Eventually it looked like God had given up on them. Although they owed Him everything, they kept playing fast and loose with His, although He was constantly proving Himself true to that original promise. They even returned to the sort of idolatry that their ancestor had been rescued from. Eventually everything appeared to fall apart. It looked as though, like so many other ancient cultures, they were to be washed away by successive waves of history. So if ancient Israel, for that’s who we’re thinking about, was plan A, and it was through Israel the rest of us were to be blessed, the plan appeared to be in big trouble. The whole of the Old Testament of the Bible is their story. It is a story of repeating patterns, and of a promise which, while often forgotten, was never quite erased.

Out of the ruins something (someone!) long promised eventually arrived.
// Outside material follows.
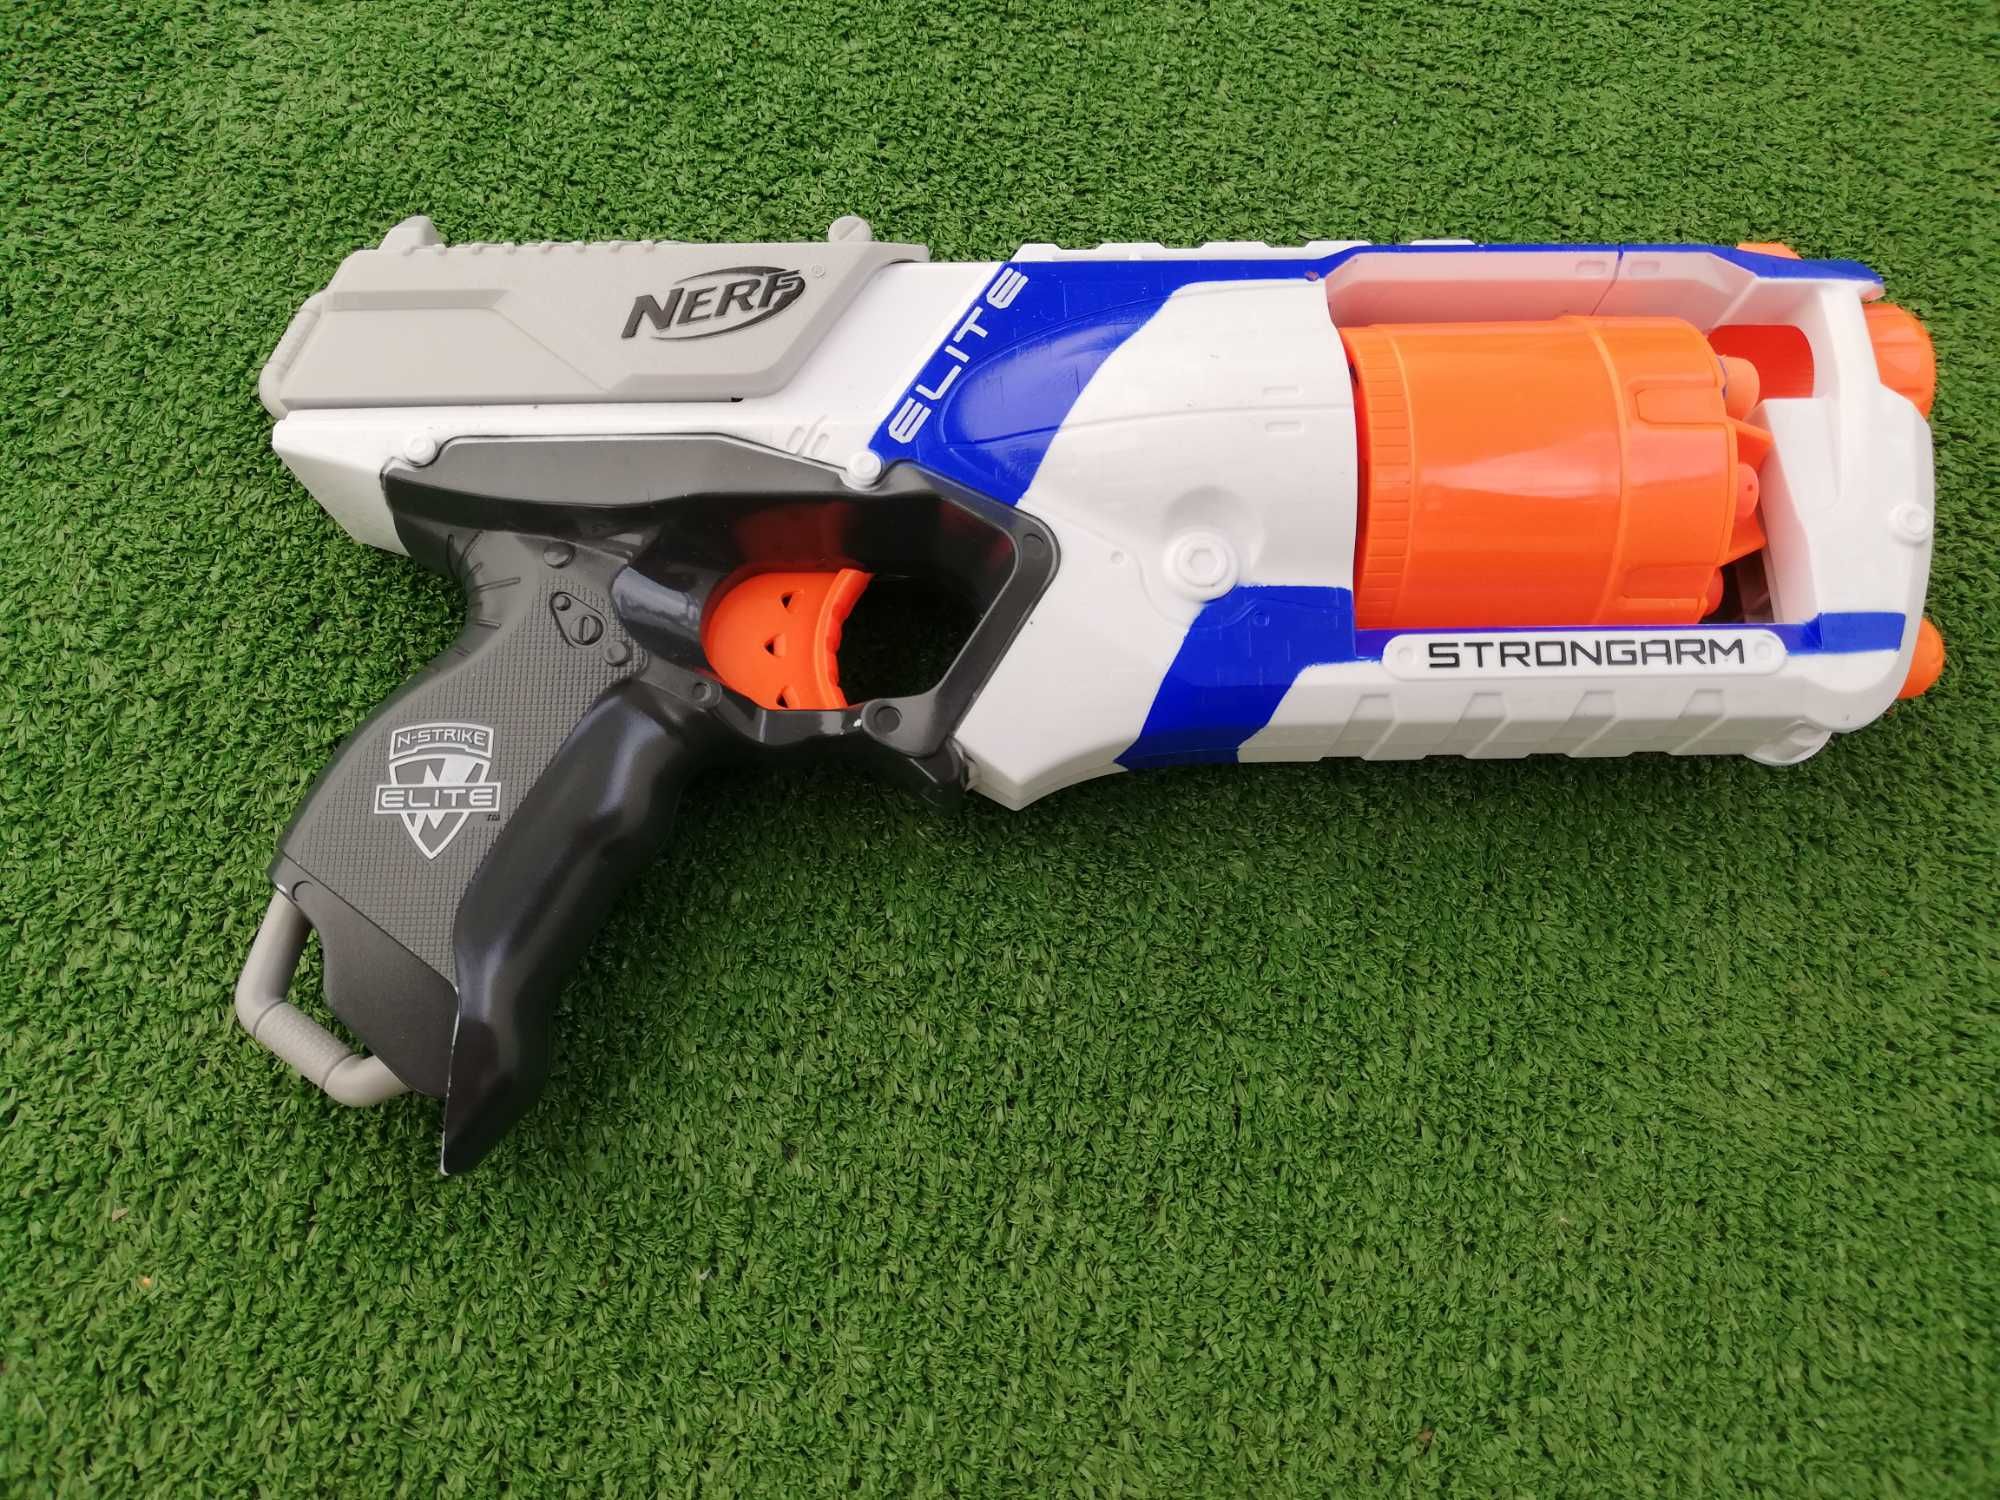 Pistolet Nerf - super zabawa dla chłopca

His coming wasn’t new in the sense of something different (i.e. plan B because plan A hadn’t worked) because it fell precisely into those patterns and expectations set up by the whole of the Old Testament, something many of the writers of the New Testament go out of their way to demonstrate from Mark to Revelation. But it was new in the sense that when it happened it was simply not what was being looked for, to the extent that many, both at the time of the promised One’s arrival and since, completely miss what’s going on. All that had happened in Israel’s history, what appeared to be wasted time and effort, turned out to precisely illustrate what was about to happen and more besides. It all turned out to be part of one big plan (A).

Israel’s experience, real and excruciating as it was, actually served to reveal the magnitude of the problem. That was necessary because human beings don’t generally understand just how awful their natural predicament is and therefore the magnitude of the solution that is required. It turns out that promises, encouragements, rules, religious systems, all of which work from the outside of a person, can’t ultimately fix the problem, which for all of us, for all of time, has been on the inside (the unfixed flaw mentioned above). But it’s almost as though part of plan A was to illustrate that problem in detail, and how not to sort it, before the actual solution was presented.

Here’s the big difference between God’s plans and ours. We often need plan B because we don’t have the power to deliver plan A. There are always things outwith our control that can (and sometimes do) interfere. But the thing about God is there is nothing outwith His control or beyond His power. So there was never going to be anything to interfere with, or thwart, plan A even if looked to human eyes as though there was. Something amazing is happening when Jesus is born in Bethlehem. His birth isn’t a sign of the failure of plan A and the need for something new (plan B). It’s actually the next part of the unfolding plan, brining us closer to the crux of plan A.

I hope you Christmas plans work out. God's plan certainly is.

1 comment:

Kath Manners said...

The 'crux' is a well chosen word. The upshot of Plan A was indeed the cross. (Often find my Higher Latin useful.)